Well, not exactly we. Congress has made the Russians the leaders in launching men and women into space.

How in the world has Congress frozen us out of space? Specifically, human space? In 2010 NASA was forced by Congress and the Senate to commit roughly $2 billion a year to a rocket that was supposed to fly in 2016, but that is not actually going to take off until 2021 or later. It’s called the Space Launch System, a rocket conceived by Senator Richard Shelby and a host of lobbyists and collaborators in Congress and the Senate. Its purpose? To provide jobs in Shelby’s home state, Alabama. That Space Launch System, sometimes derisively called the Senate Launch System, has never flown. If it ever does, it will cost between $1 billion and $2 billion per flight. More than any nation can afford for a full-scale space program. Two billion dollars is the cost of 22 launches of a SpaceX Falcon Heavy. Yes, 22 launches.

Until now all of our moon plans and our plans for Europa have been forced  to use this SLS, the rocket that does not yet exist and that is too expensive to fly. This puts all our moon and Europa missions off into the distant future and makes the moon plan more expensive than any nation on earth can afford. Bridenstine is edging toward breaking that log jam. SpaceX already has a heavy lift rocket flying—the Falcon Heavy. And SpaceX has another even bigger launch system up its sleeve—the BFR and the 100-passenger space ship that the BFR will launch, the Starship. The Starship prototype is due to begin taking off and landing within a month. On the other hand, NASA’s Space Launch System is scheduled for some time between 2021 and never.

What has nudged Bridenstine toward this earth-shuddering path? The president needs a show of his powers before the 2020 election. He wants Americans to land on the moon. He has put vice president Mike Pence in charge of achieving this.

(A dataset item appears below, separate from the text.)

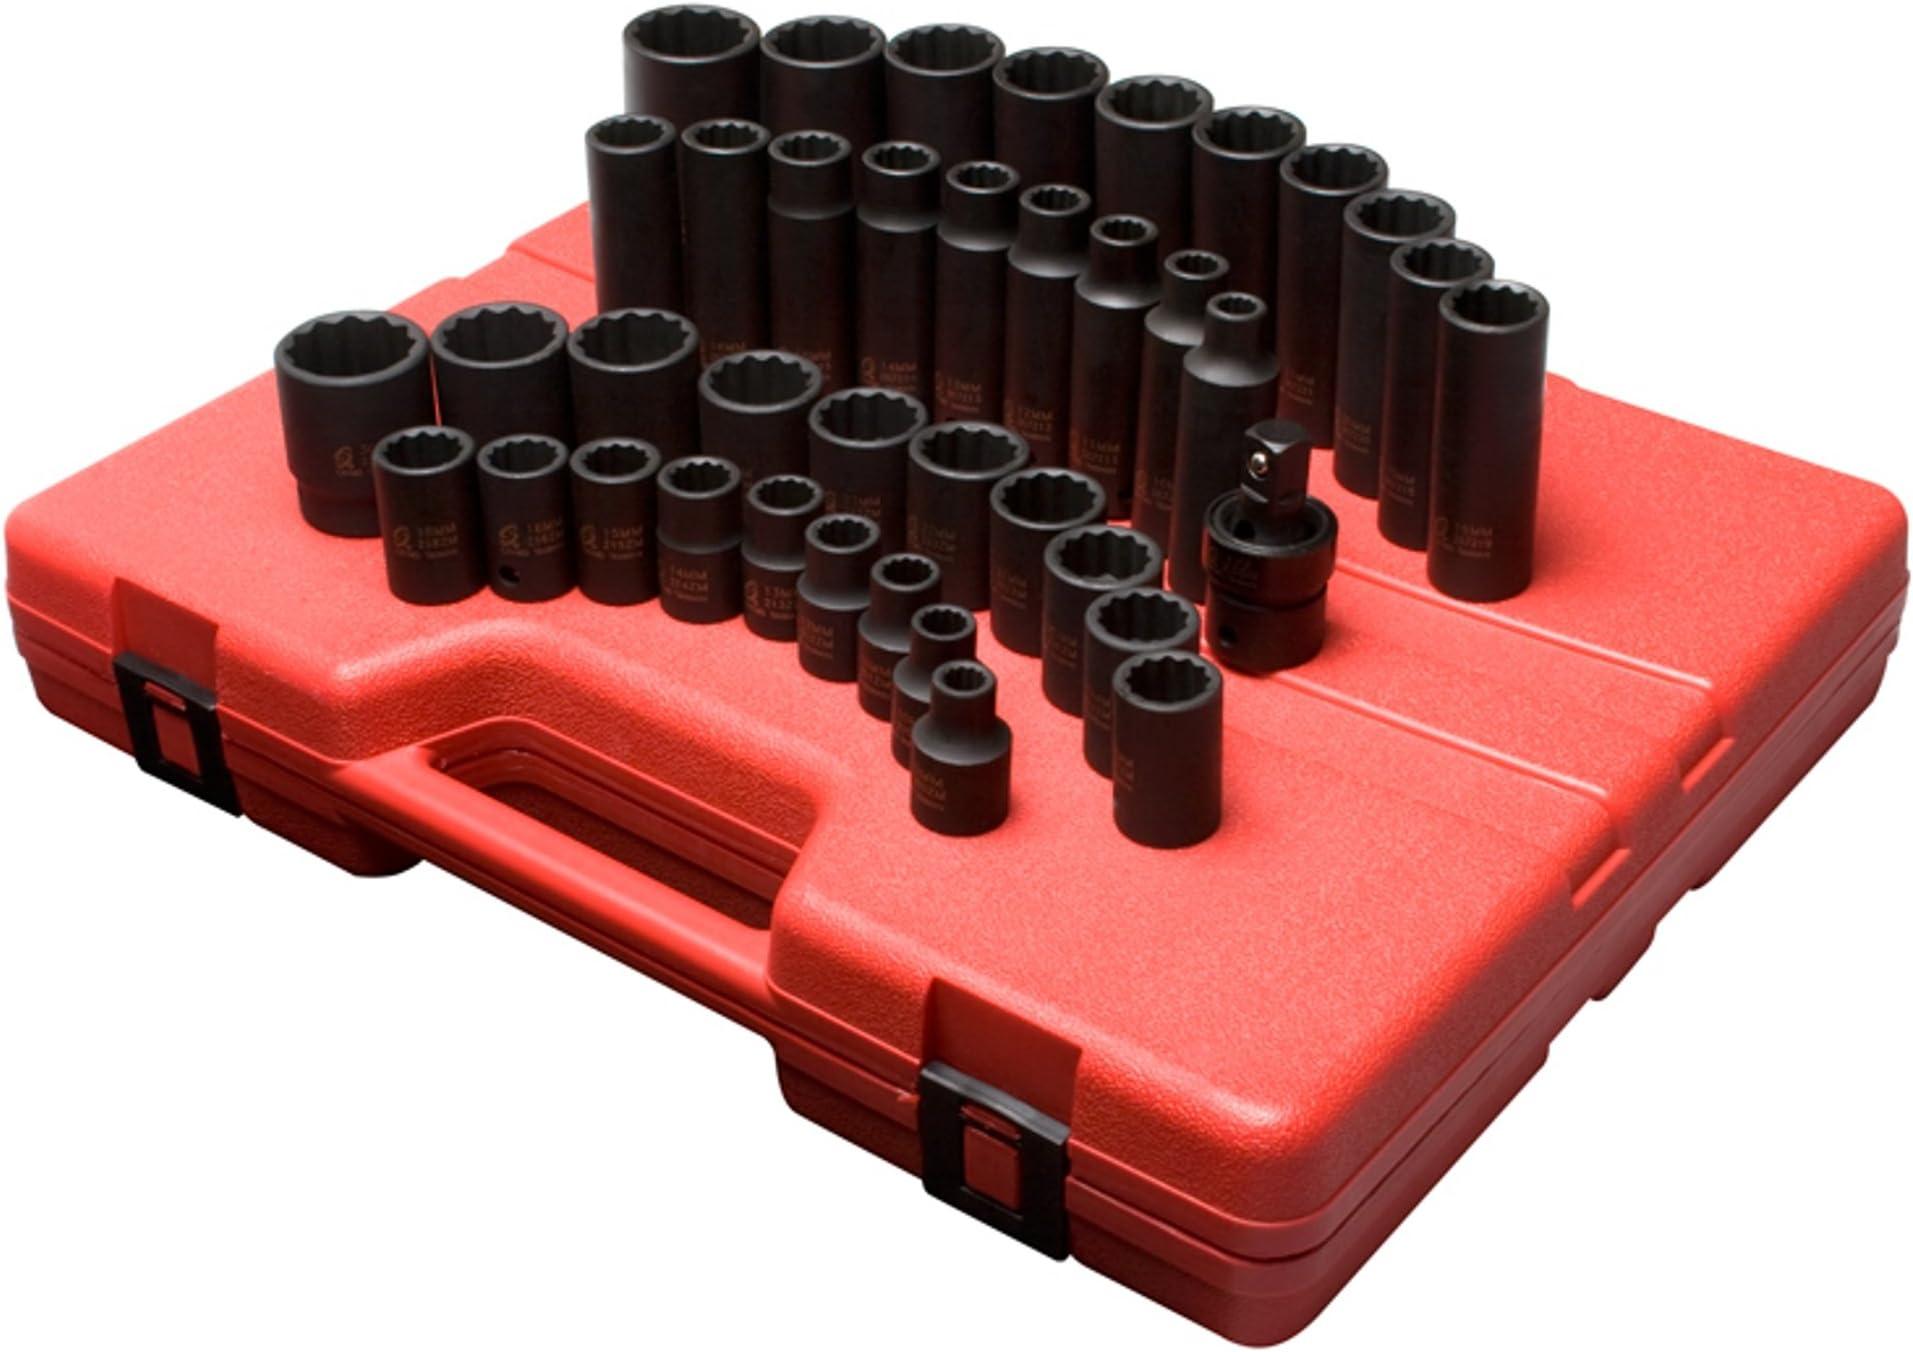 Standard//Deep TUZkozs 9mm Universal Joint /& Impact Extensions Heavy Duty Storage Case Cr-Mo Alloy Steel 30mm 1//2 Drive Master Impact Socket Set Radius Corner Design 43Piece Metric
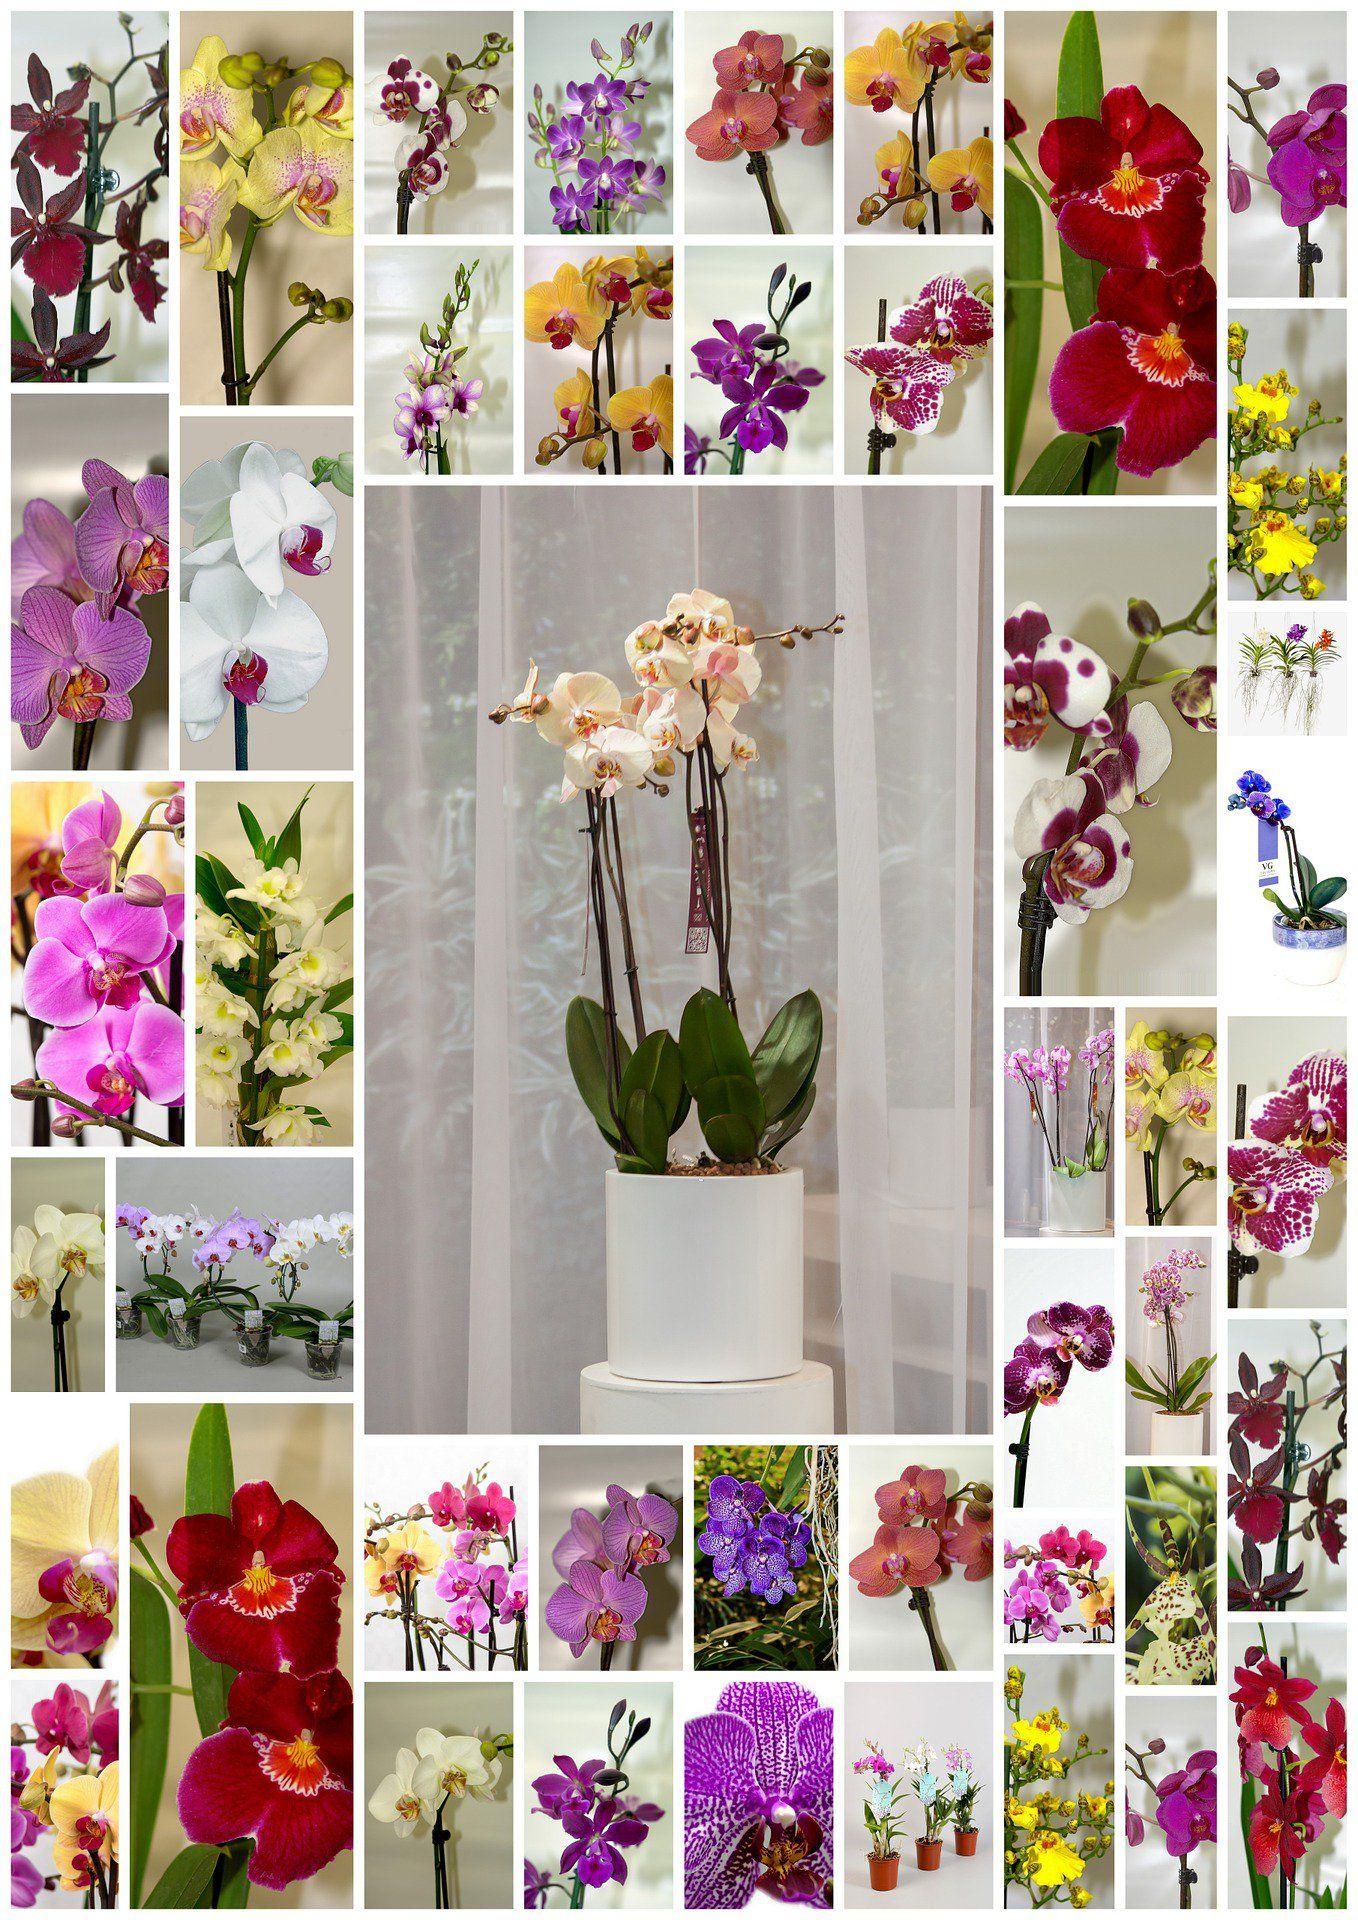 Phalaenopsis orchids care how to plant grow u grow stepbystep

It appears that Pence and Bridenstine are slowly but surely realizing that a hugely expensive Frankenrocket, the Space Launch System, is gumming up the works. And they may be realizing that there are rockets ready to launch manned human projects now, today.  

The Space Development Steering Committee’s Bloom says, “We hope that Pence and Bridenstine realize something else. It is not enough to orbit the moon and look helplessly at its surface a hundred miles below you. We need to do something that’s never been done before. We need to set up housekeeping on the moon. We need to plant a real estate development.” Concludes Bloom, “If it helps to get the budget shifts this would take, perhaps we could call the first moon village  Trumptown”.